_Aim of the task_.
Find the line below with "(1961-2020) (barra naranja) y". Print it and every line after it exactly, through the last line, leaving out the pictures.

_Dataset content_.

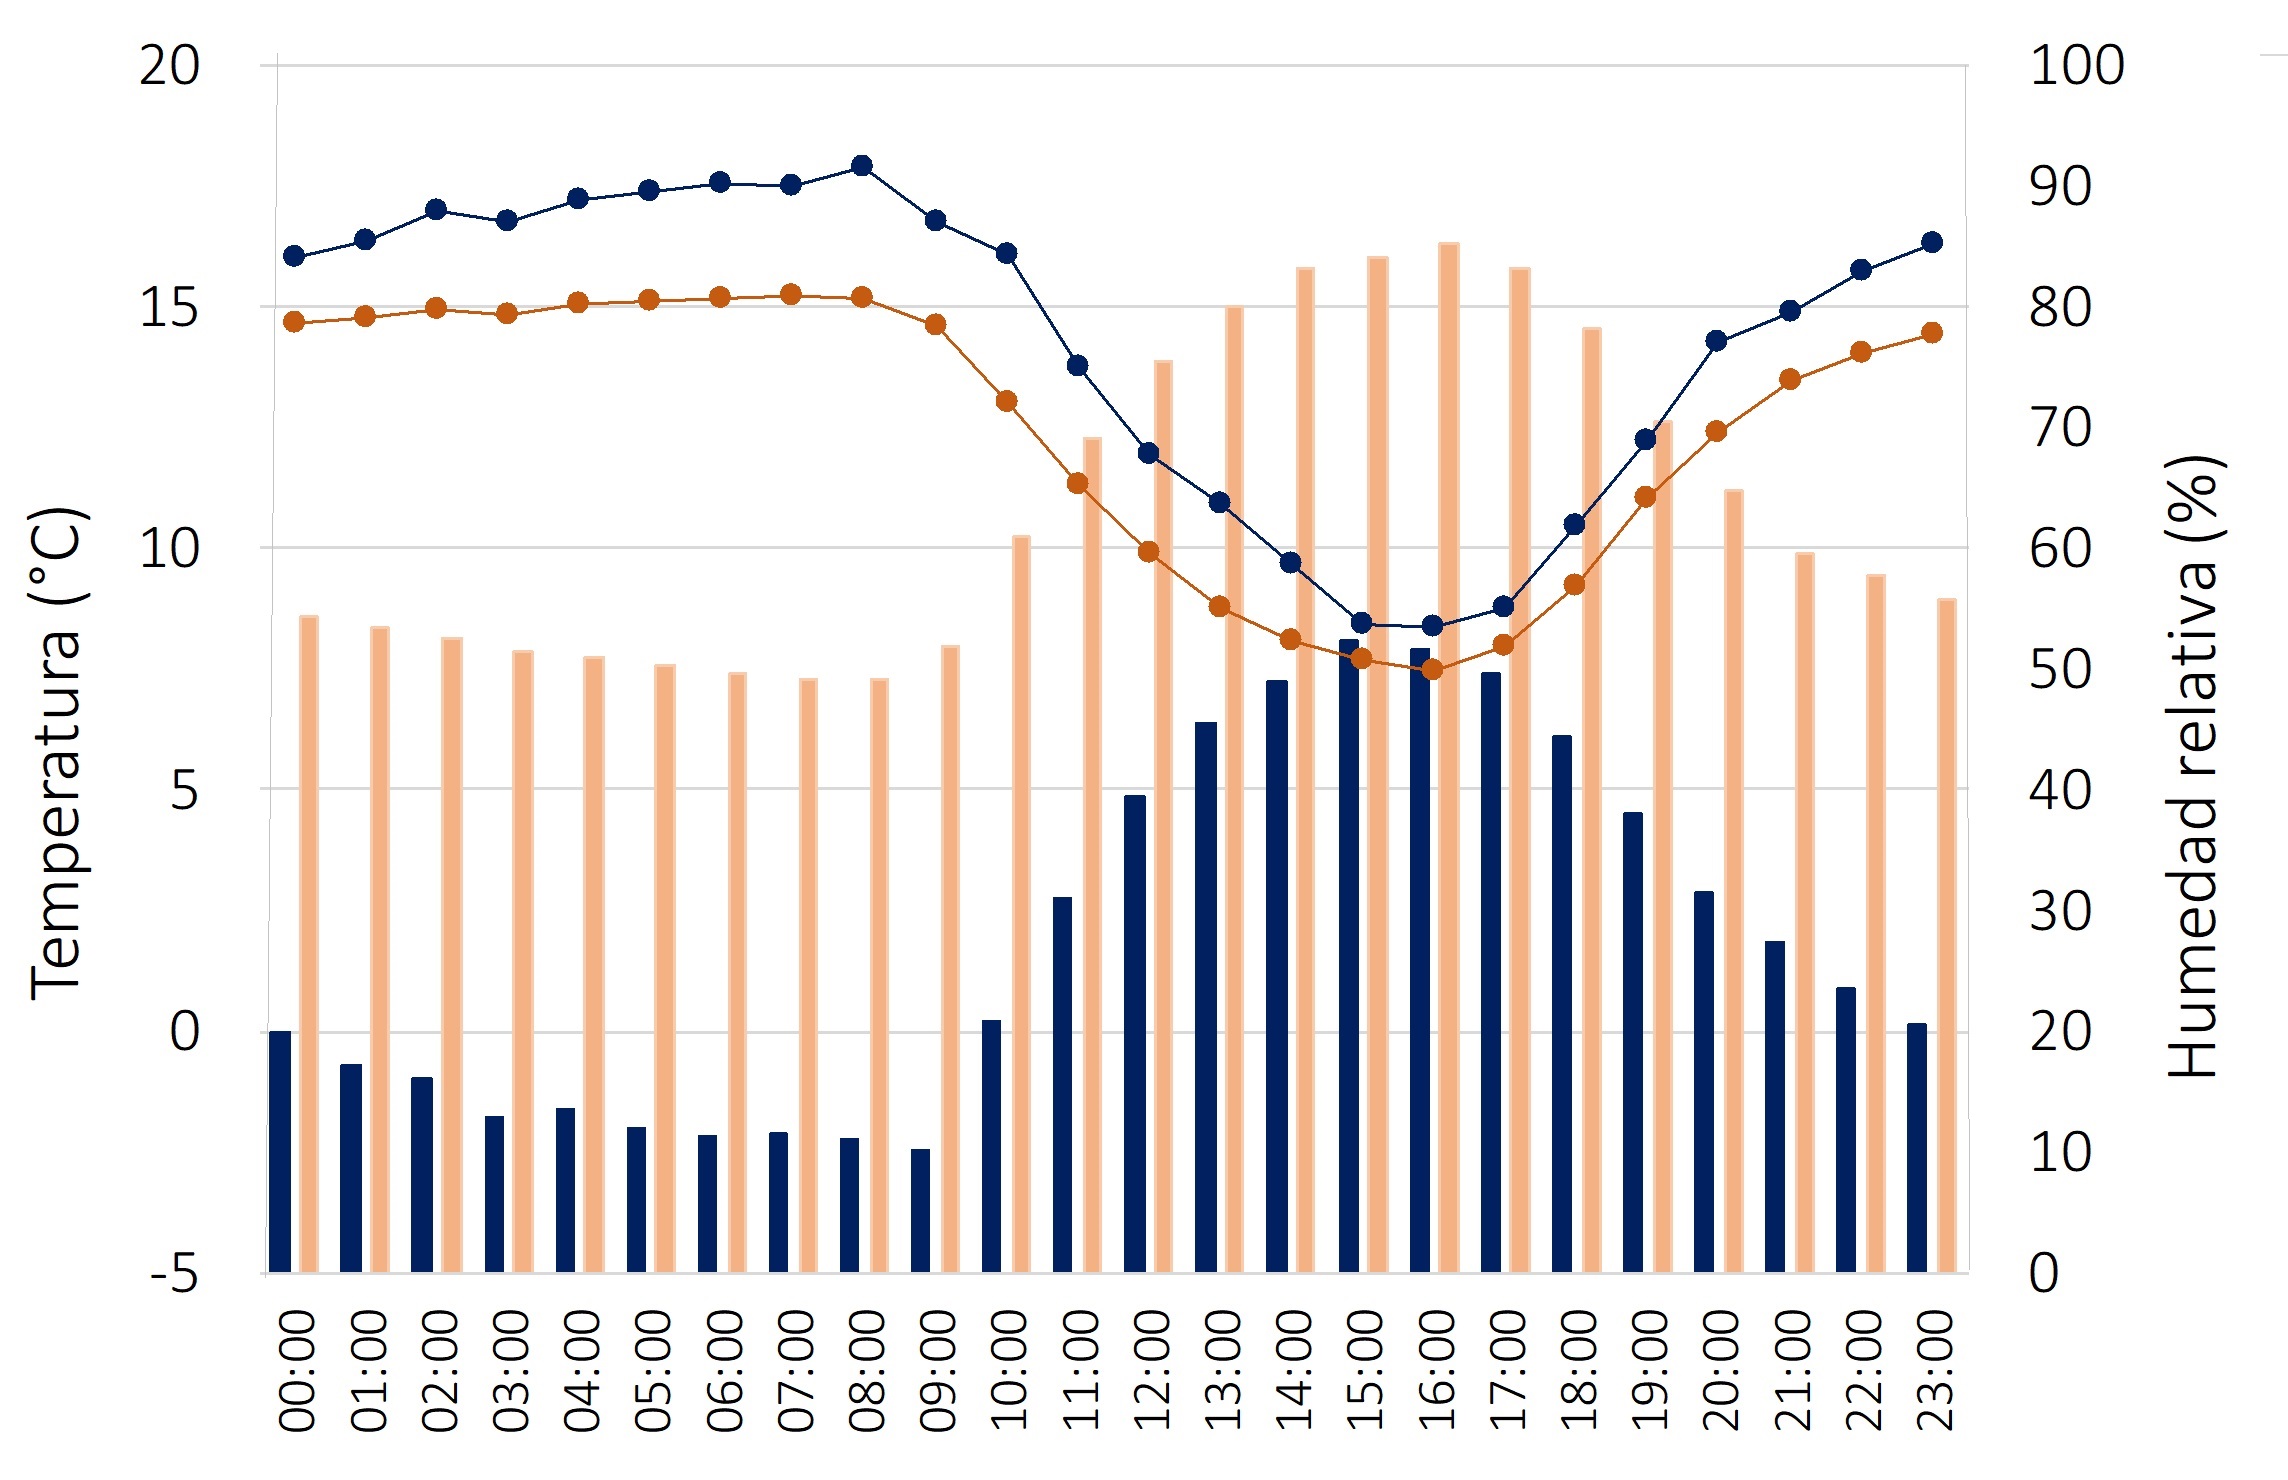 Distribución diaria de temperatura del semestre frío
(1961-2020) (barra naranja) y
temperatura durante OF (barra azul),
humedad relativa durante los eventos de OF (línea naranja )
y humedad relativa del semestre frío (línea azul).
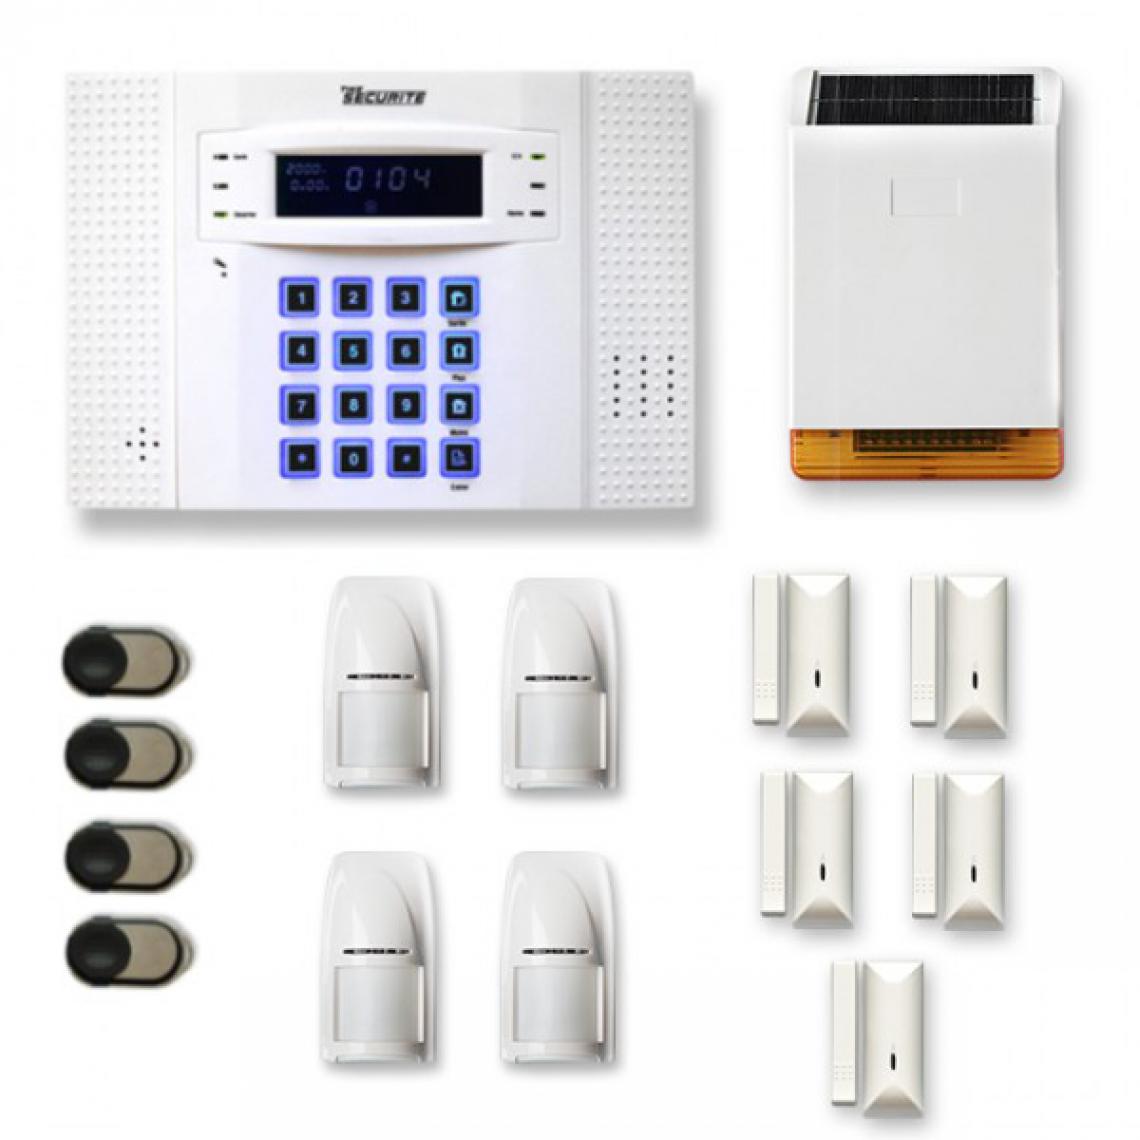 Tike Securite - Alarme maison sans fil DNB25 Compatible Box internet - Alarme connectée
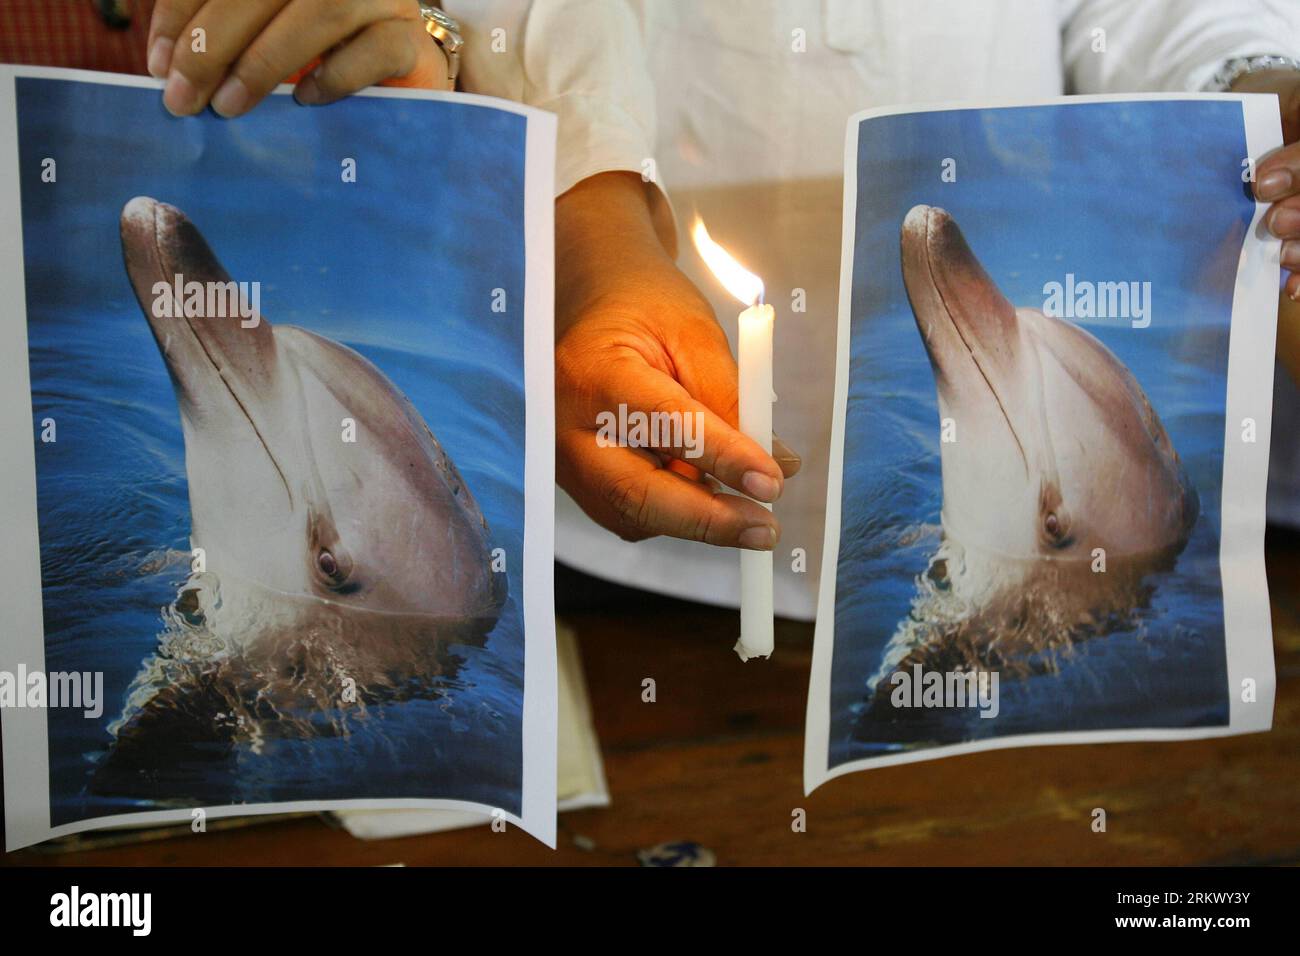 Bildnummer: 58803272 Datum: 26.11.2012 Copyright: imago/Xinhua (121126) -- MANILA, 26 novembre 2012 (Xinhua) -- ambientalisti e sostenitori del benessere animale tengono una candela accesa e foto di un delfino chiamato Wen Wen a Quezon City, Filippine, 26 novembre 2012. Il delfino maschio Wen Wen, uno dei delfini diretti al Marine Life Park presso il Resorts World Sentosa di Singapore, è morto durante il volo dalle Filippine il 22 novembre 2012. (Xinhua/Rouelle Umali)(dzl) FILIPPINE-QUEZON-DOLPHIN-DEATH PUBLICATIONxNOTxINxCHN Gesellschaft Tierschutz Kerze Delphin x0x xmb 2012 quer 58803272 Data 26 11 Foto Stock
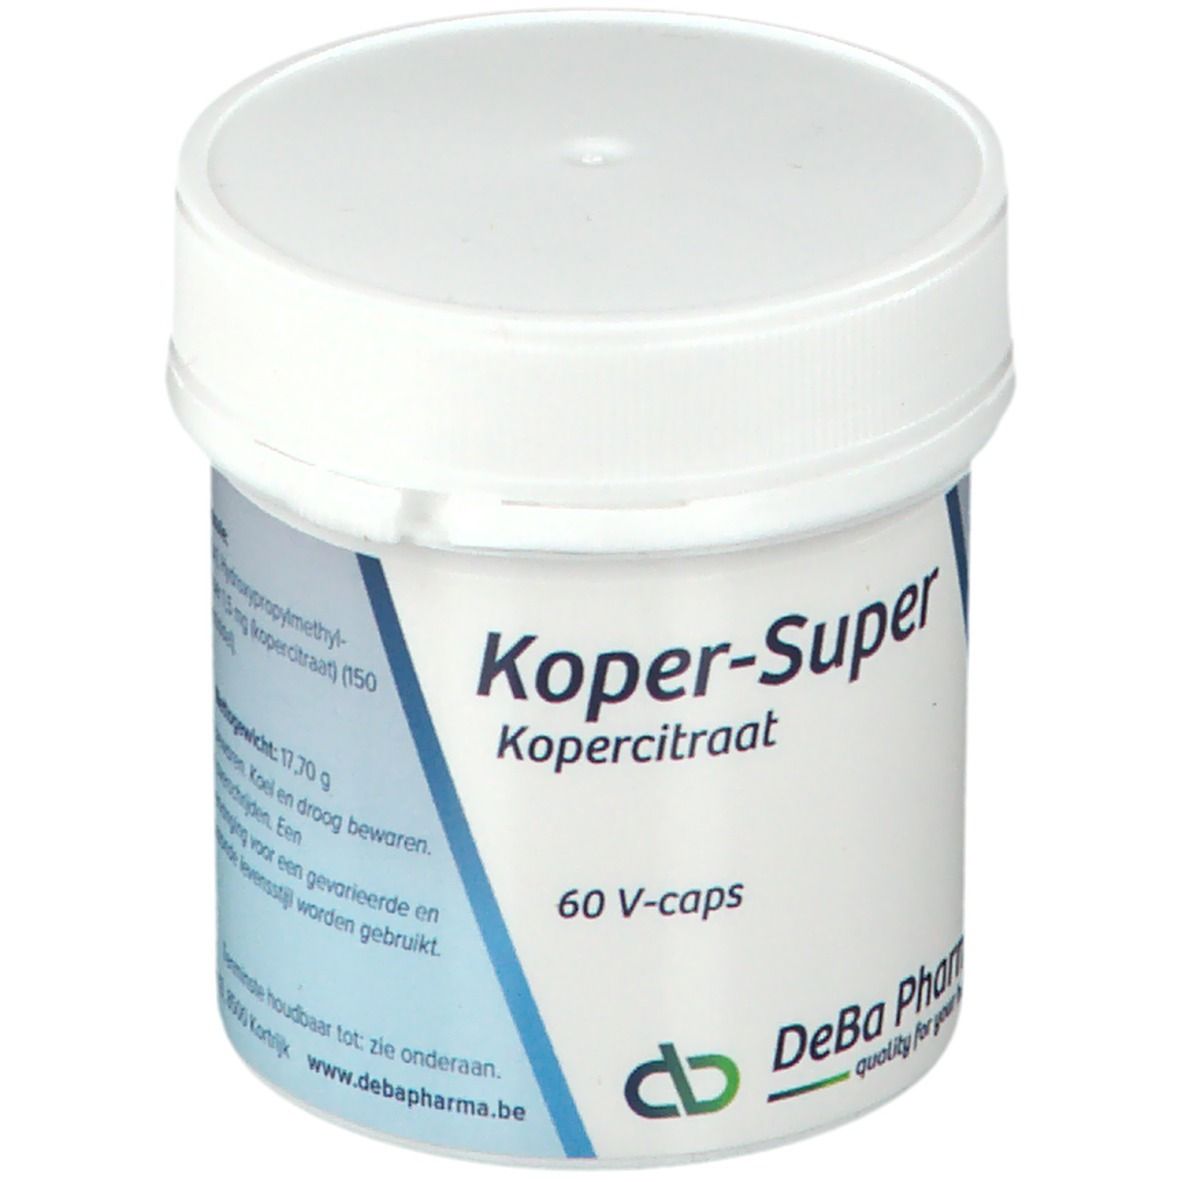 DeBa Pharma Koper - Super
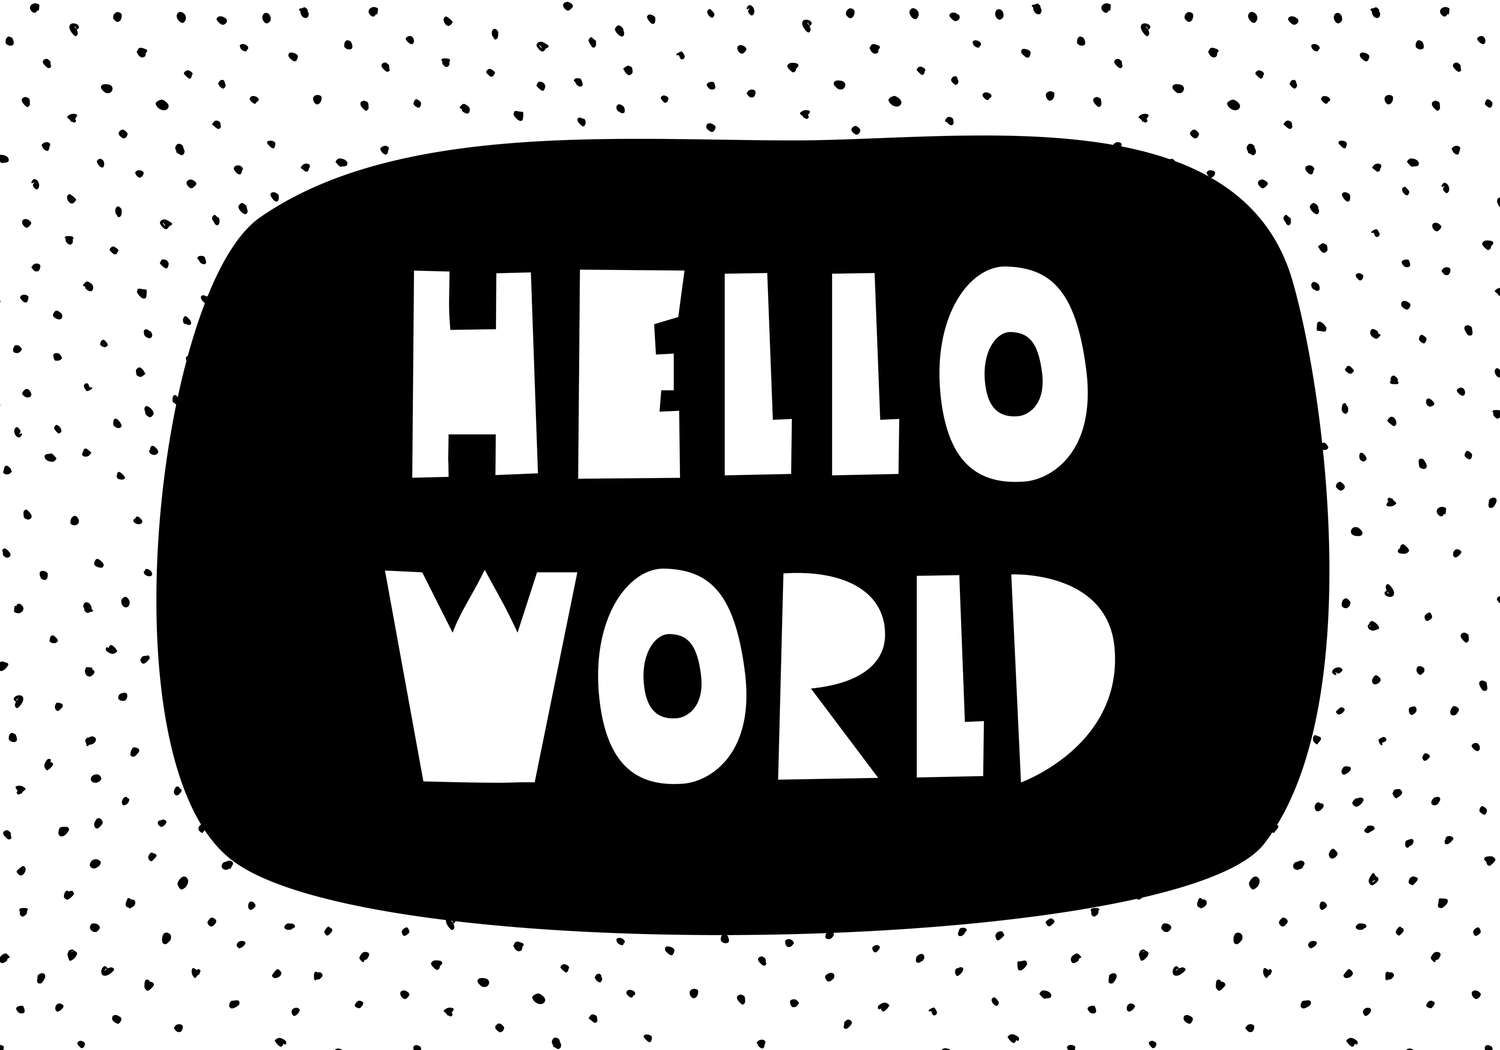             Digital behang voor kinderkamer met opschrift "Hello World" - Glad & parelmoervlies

_Solution to this exercise_.
(1961-2020) (barra naranja) y
temperatura durante OF (barra azul),
humedad relativa durante los eventos de OF (línea naranja )
y humedad relativa del semestre frío (línea azul).
 Tike Securite - Alarme maison sans fil DNB25 Compatible Box internet - Alarme connectée
 Bildnummer: 58803272 Datum: 26.11.2012 Copyright: imago/Xinhua (121126) -- MANILA, 26 novembre 2012 (Xinhua) -- ambientalisti e sostenitori del benessere animale tengono una candela accesa e foto di un delfino chiamato Wen Wen a Quezon City, Filippine, 26 novembre 2012. Il delfino maschio Wen Wen, uno dei delfini diretti al Marine Life Park presso il Resorts World Sentosa di Singapore, è morto durante il volo dalle Filippine il 22 novembre 2012. (Xinhua/Rouelle Umali)(dzl) FILIPPINE-QUEZON-DOLPHIN-DEATH PUBLICATIONxNOTxINxCHN Gesellschaft Tierschutz Kerze Delphin x0x xmb 2012 quer 58803272 Data 26 11 Foto Stock
 DeBa Pharma Koper - Super
             Digital behang voor kinderkamer met opschrift "Hello World" - Glad & parelmoervlies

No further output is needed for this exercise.